Robert sighed in irritation and swung away from the raging voice assaulting his ears, away from the anger and disbelief that felt like a bucket of cold water being flung over him. Feeling over the ground before him with his stick, he walked on again along the lake. He found he could not remain still and contend with the tumult of feelings within him at his father's reaction. It was best to walk.

David hurriedly followed him, still angry and disbelieving. "You must have had an accident...."

"No accident," Robert said brusquely. "Do you not think my eyes would be scarred or disfigured if I'd had an accident?"

"Then illness-" David groped wildly for reasons.

"No."

"Then it's witchcraft of some sort-" David began, horrified.

"No, my eyes are nothing but the hand of Mother Nature," Robert said steadily. "And that's nothing for you to fear. Mother Nature should be respected, aye - but not feared. She does things for a reason, a purpose, even if we don't understand."

His stick knocked against a solid object ahead; he put out his hand, felt before him and found the horizontal line of the fallen tree that had toppledover at the waters edge years ago in a storm and now lay stretching out into it. It was a good place to sit, and he was tired of walking along the shore with his father hovering anxiously around him, watching him and expecting him to trip or walk into something.

Robert perched himself on the log to sit, stick between his hands, and waited.

David moved to sit beside him, not touching him, and stared at him, hardly liking to look his son in the face, yet drawn to those strange eyes, whilst the horrid suspicion that his son's mind was indeed addled, rose up inside him like bile.

"My poor child-" David said quietly.

Robert felt his face twitch in response to his father's pitying tone. Dismay flooded over him at it, even though he had been expecting it, he had not bargained for just how strong his dismay would be.

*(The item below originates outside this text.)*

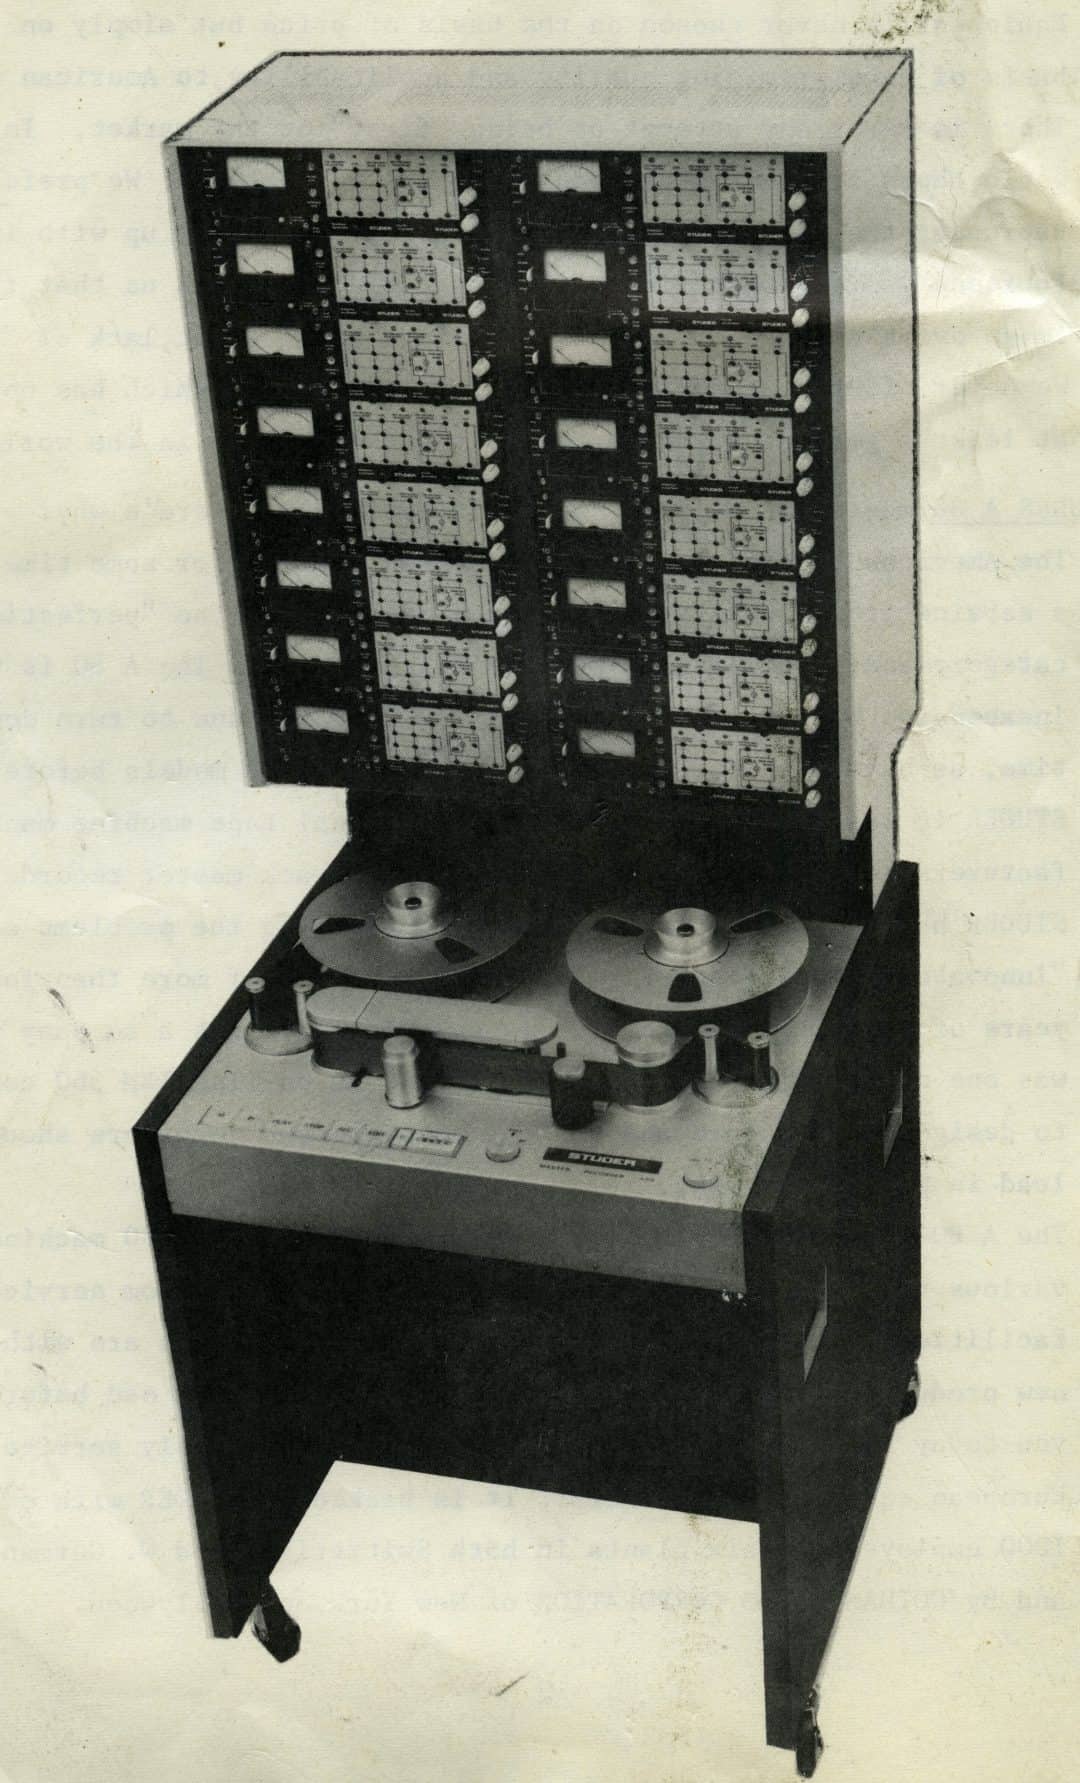 Studer A80 Tape Recorder

"I have little taste for those words," he replied.

David frowned. "My only son goes blind and you don't expect me to care?"

"Not your only son," Robert said gently. "And I didn't GO blind. I've always been blind..."

David ignored the latter correction. "My only LEGITMATE son..."

Robert found a way to draw the conversation off the subject of the cause of his blindness, which was obviously a conversation which was going to get nowhere in David's present mood. "So you know, then. That Gisbourne..."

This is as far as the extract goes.